● ACTION ITEM:
Repeat the lines below exactly as written, please, from the line with "Pokročilý fotoaparát s" to the line with "Mustar Classic ecologic - 195g", both lines included, and no others.

● PROVIDED DATA:
○ ○ ○ ○ ○
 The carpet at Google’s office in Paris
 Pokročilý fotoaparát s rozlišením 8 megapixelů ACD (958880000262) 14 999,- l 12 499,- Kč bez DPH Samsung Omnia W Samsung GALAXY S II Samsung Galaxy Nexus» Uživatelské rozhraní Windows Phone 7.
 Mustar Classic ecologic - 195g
○ ○ ○ ○ ○
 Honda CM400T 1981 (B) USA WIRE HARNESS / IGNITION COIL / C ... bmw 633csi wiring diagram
○ ○ ○ ○ ○
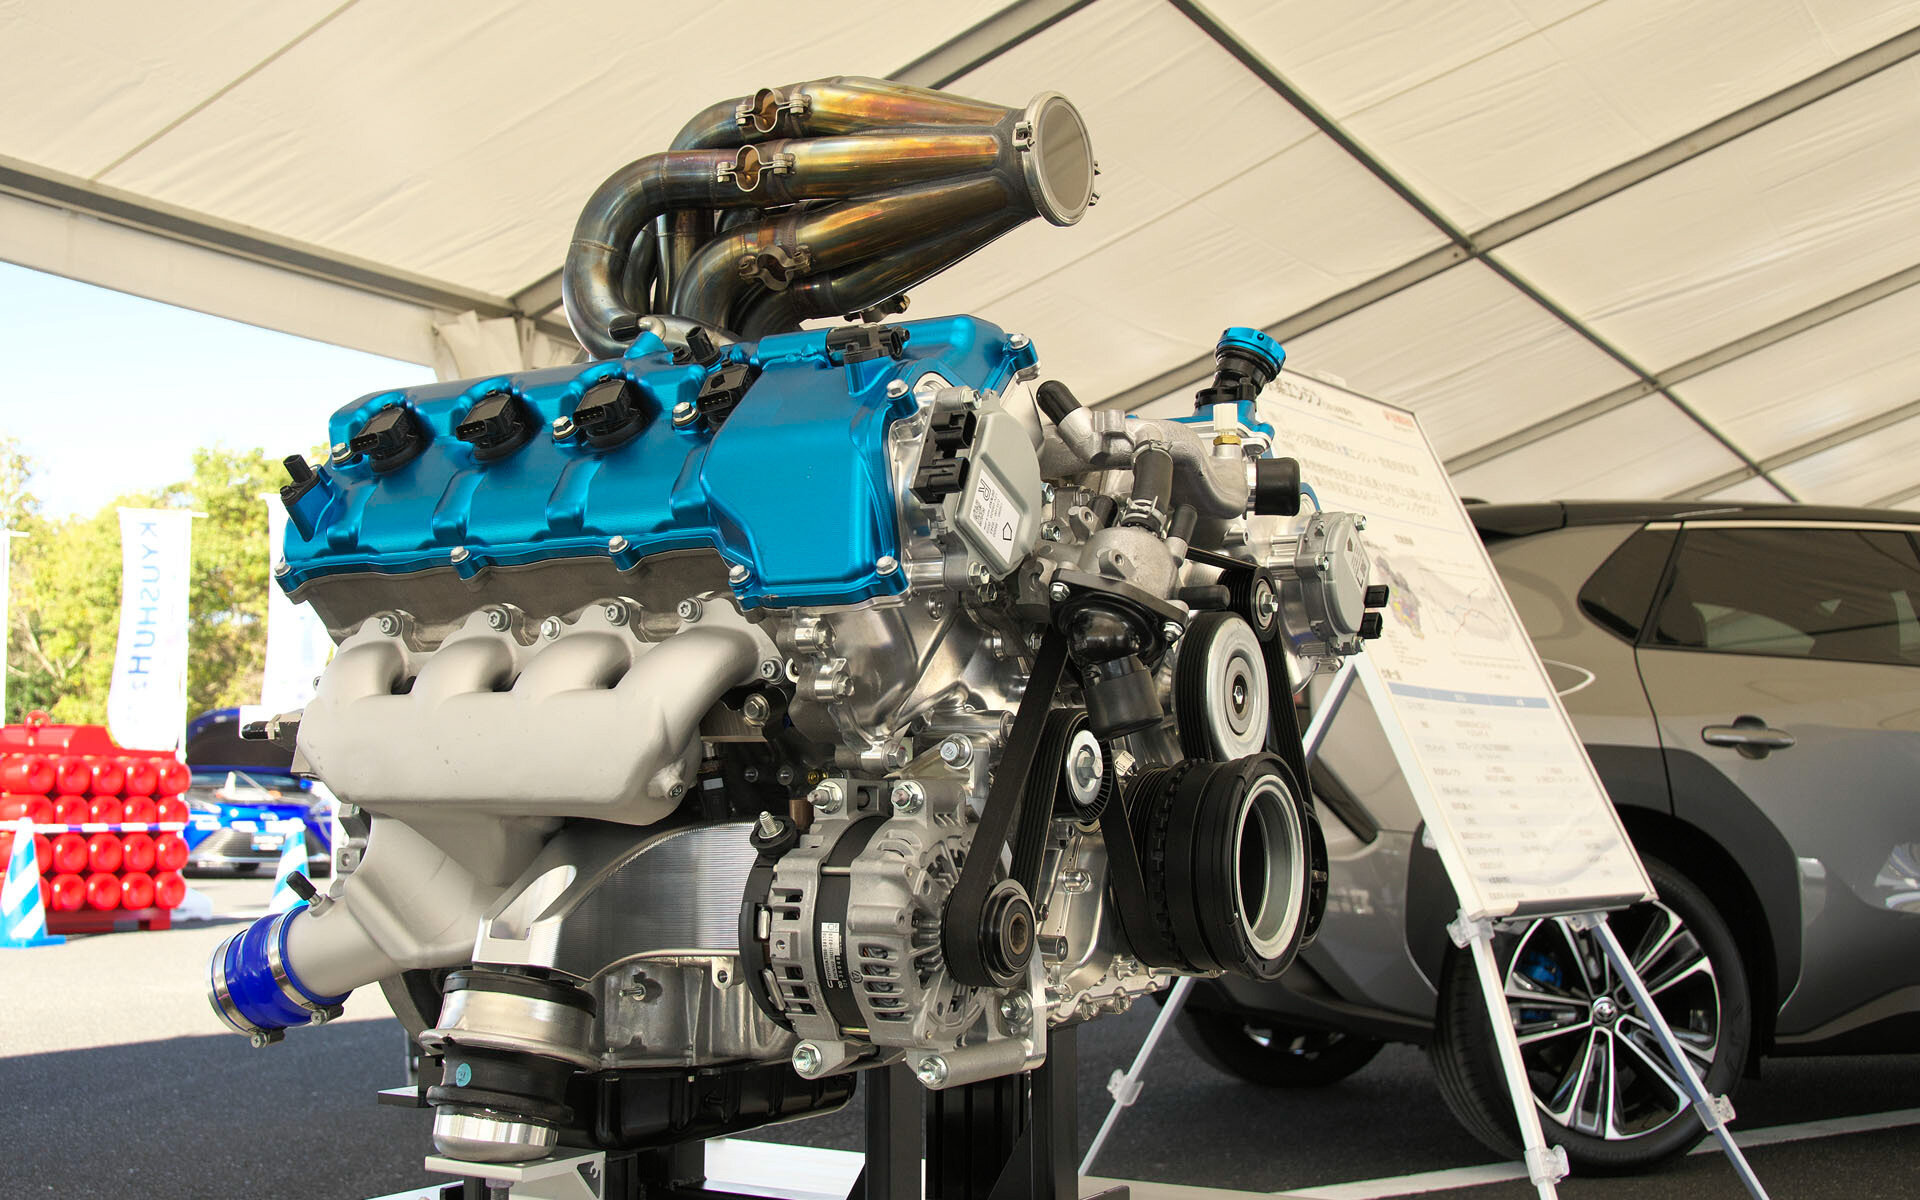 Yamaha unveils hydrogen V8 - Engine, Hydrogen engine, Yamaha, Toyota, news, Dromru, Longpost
○ ○ ○ ○ ○
● WRITTEN SOLUTION:
 Pokročilý fotoaparát s rozlišením 8 megapixelů ACD (958880000262) 14 999,- l 12 499,- Kč bez DPH Samsung Omnia W Samsung GALAXY S II Samsung Galaxy Nexus» Uživatelské rozhraní Windows Phone 7.
 Mustar Classic ecologic - 195g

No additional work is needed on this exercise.